Now, I don’t think there’s much of a conspiracy here, other than the fact that it must be a conspiracy to have a job that is as absolutely cool as this one. That, and the fact that it is so difficult to find comprehensive videos and documentation about it on the web. The danger factor for this job is just off the danger-meter scale (by an order of magnitude)! The job in question? Commercial closed bell saturation diving.

As a diver myself I’ve been fascinated with this line of work ever since I learned of it. The differences between the type of diving I (and most other recreational divers) do and saturation diving is like comparing walking down the sidewalk to walking on the Moon. Sure I’ve done some minor mixed gas (Nitrox) and re-breather type SCUBA diving, but that’s just puppy stuff compared to these guys.

Now, saturation diving itself has been around since the mid 60’s, but in the last couple decades saturation diving has matured into a completely different realm. For those unfamiliar, saturation diving is the practice of compressing divers down to near unimaginable depths (to a SCUBA diver) using Helium and other mixed gases and keeping them under compression for weeks at a time. The reason this practice is used is to preclude the need to decompress divers at the end of every dive, which at these depths takes literally days, weeks even. Consequently, commercial divers can stay compressed, or ‘at depth’, for the entire portion of their work. They literally live ‘at depth’ until their job is complete, or their rotation is up.
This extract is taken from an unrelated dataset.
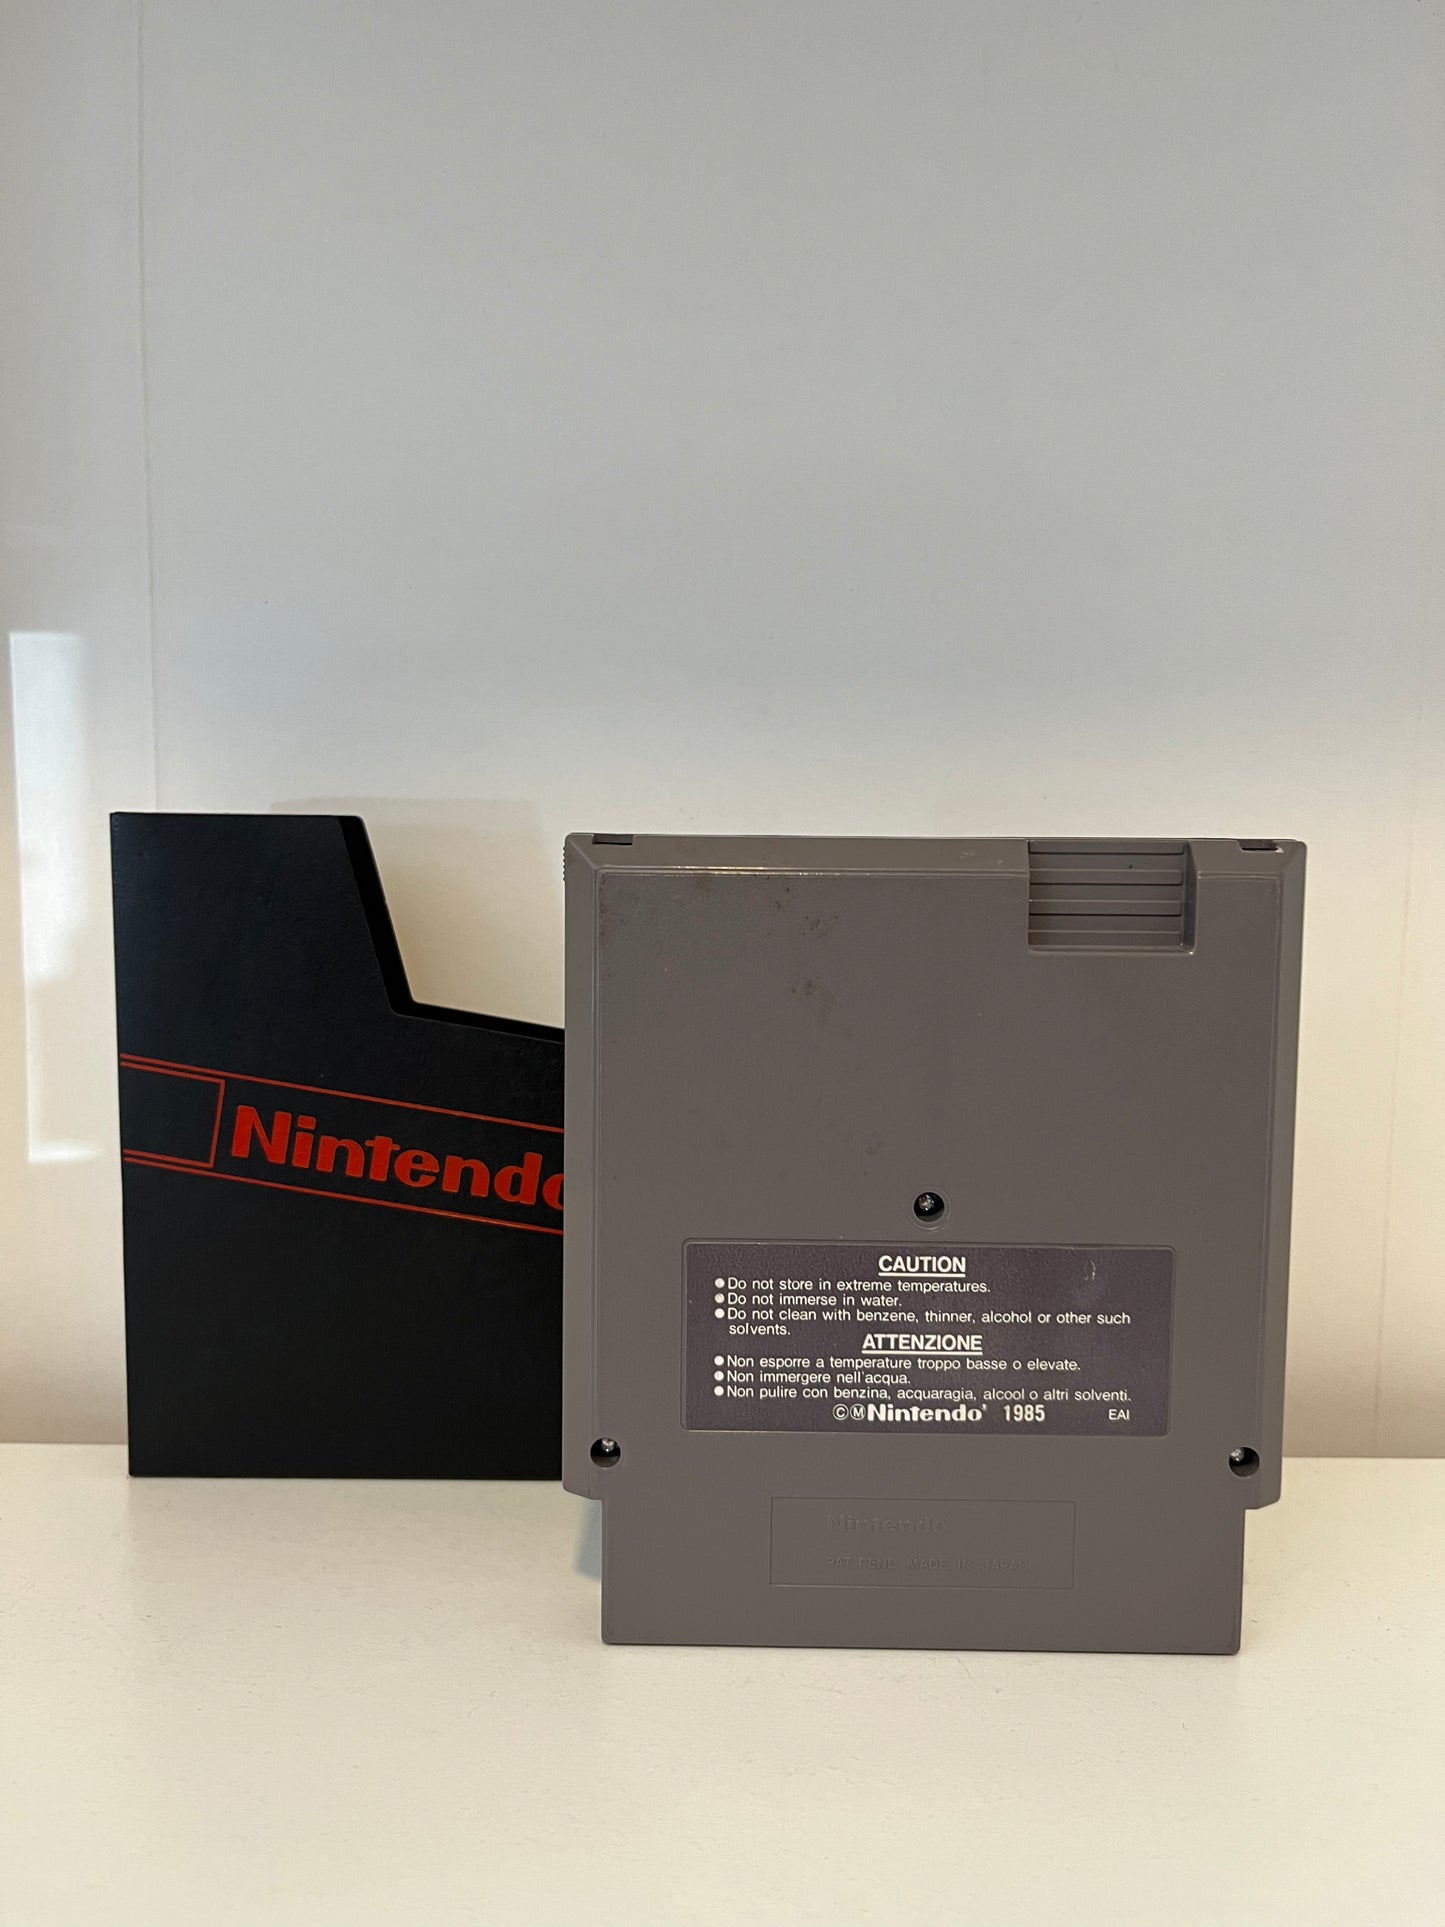 Fester's quest - Nintendo NES

While I was stationed in Malaysia I knew a couple guys who were saturation divers for the oil companies. Some of the stories they told were just amazing. One of them had nearly been killed (which is insanely easy to do) in a spectacular decompression accident. It was some of the stories he told which made me want to know more. My principle interest is in dives below 200m (656 ft) and below, and particularly below 250m (850 ft).
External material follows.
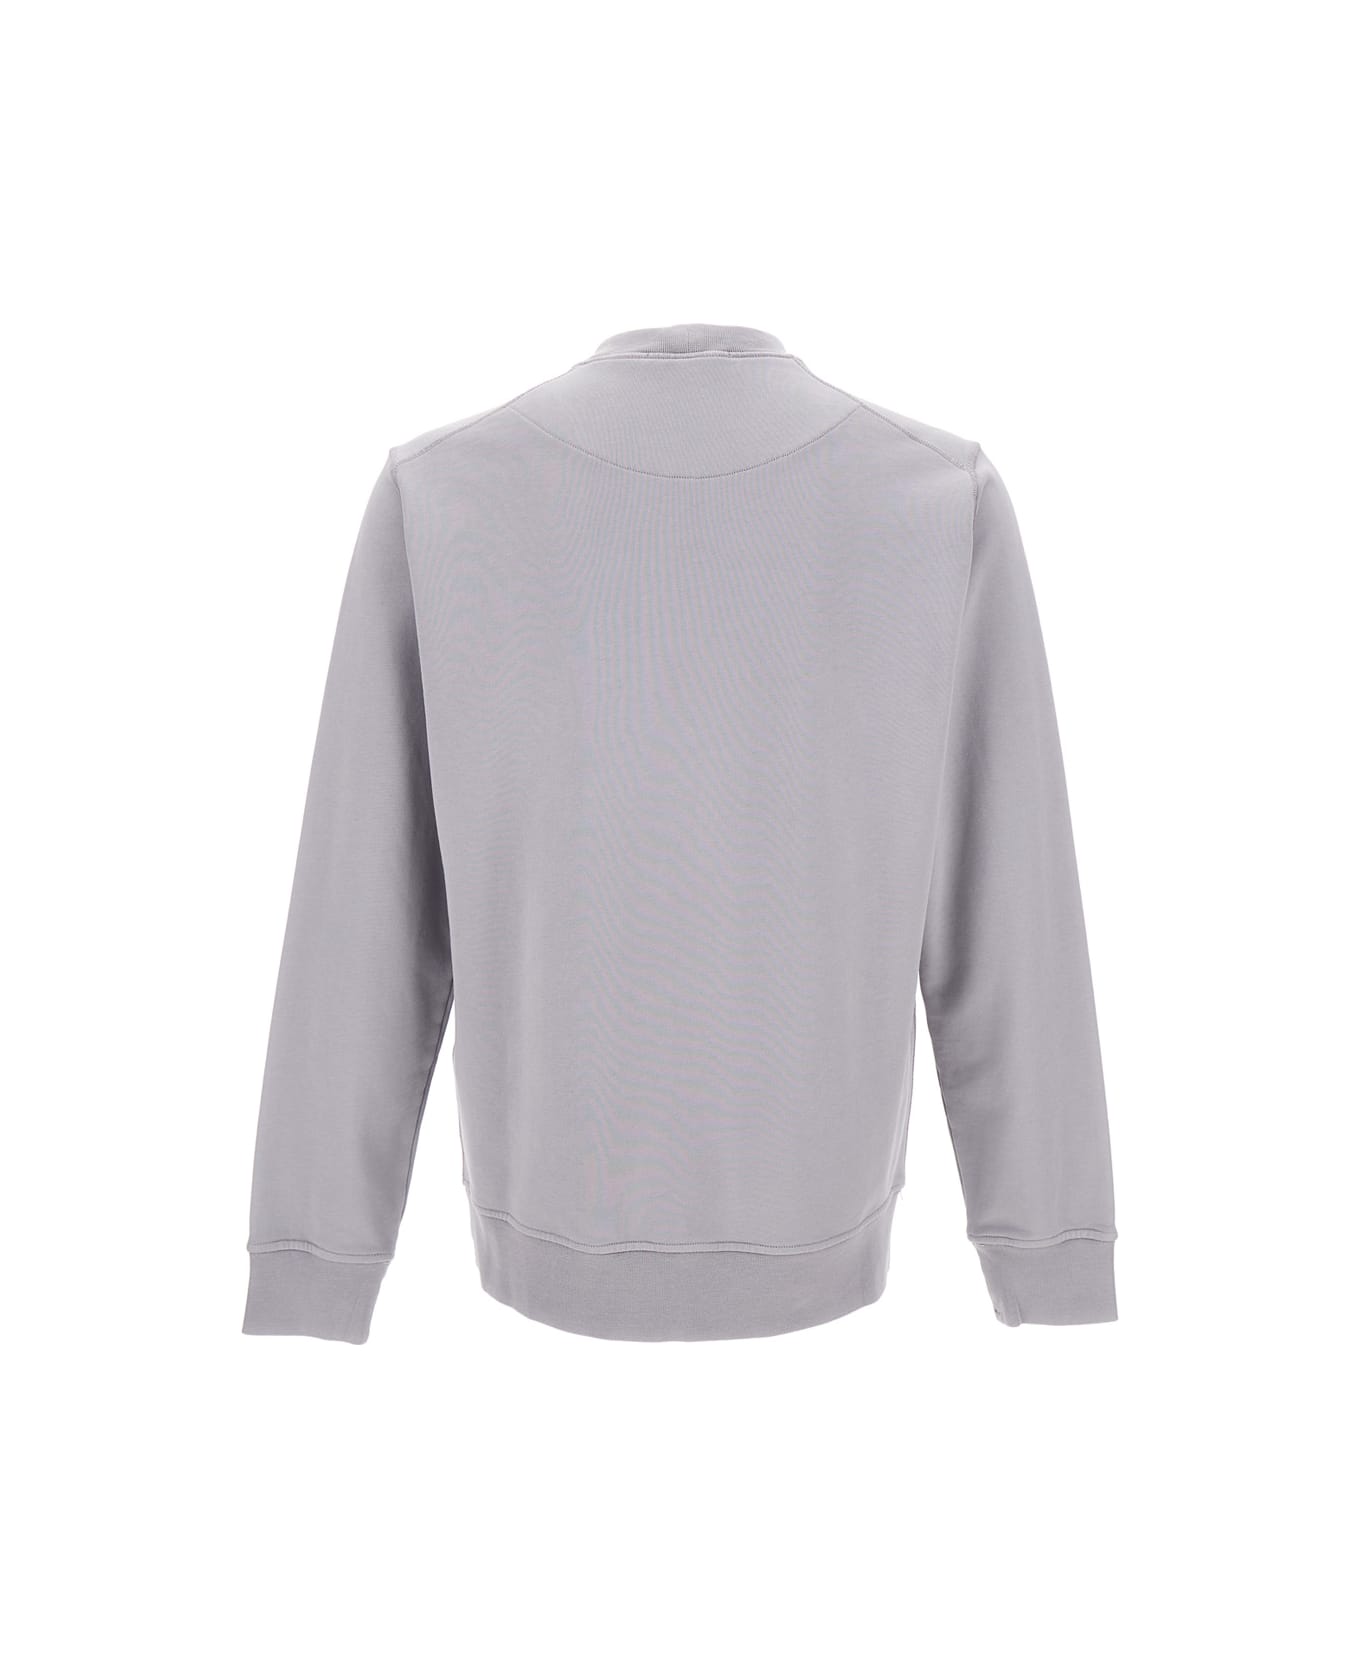 Stone Island Grey Crewneck Sweatshirt With Logo Print In Cotton Man - Grey

Here is an example of diving at 278m (912 ft).



After even some brief research, one quickly realizes the logistics of saturation diving is a whole world onto its own. Even though the divers who do this return to the deck of a ship at the end of their shift each day, they might as well be in moon! Their life on-board the ship is a world apart from the rest of the crew members. The chilling part is, even though they’re on deck they’re still under pressure at working depth so they live in a pressurized dive support environment on deck until they return back to work at depth again tomorrow.
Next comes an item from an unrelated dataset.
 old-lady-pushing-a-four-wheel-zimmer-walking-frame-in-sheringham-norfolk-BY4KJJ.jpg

The costs to companies requiring these types of skills are staggering. Deep saturation diving contracts can run as high as $300,000 per DAY, and believe me, the divers are handsomely paid as well (many in excess of $200/hr while at depth…meaning 24x7 until they decompress).

Here’s another link. Just another day at work? Hardly!



I hope you will find this as fascinating as I do. Even more, I hope maybe even some ATS members know of someone who might be able to share some more information, or maybe even do it themselves.

All input is genuinely appreciated!



P.S. Moderators, if there’s a more appropriate place to put this where it will likely be a better fit I understand.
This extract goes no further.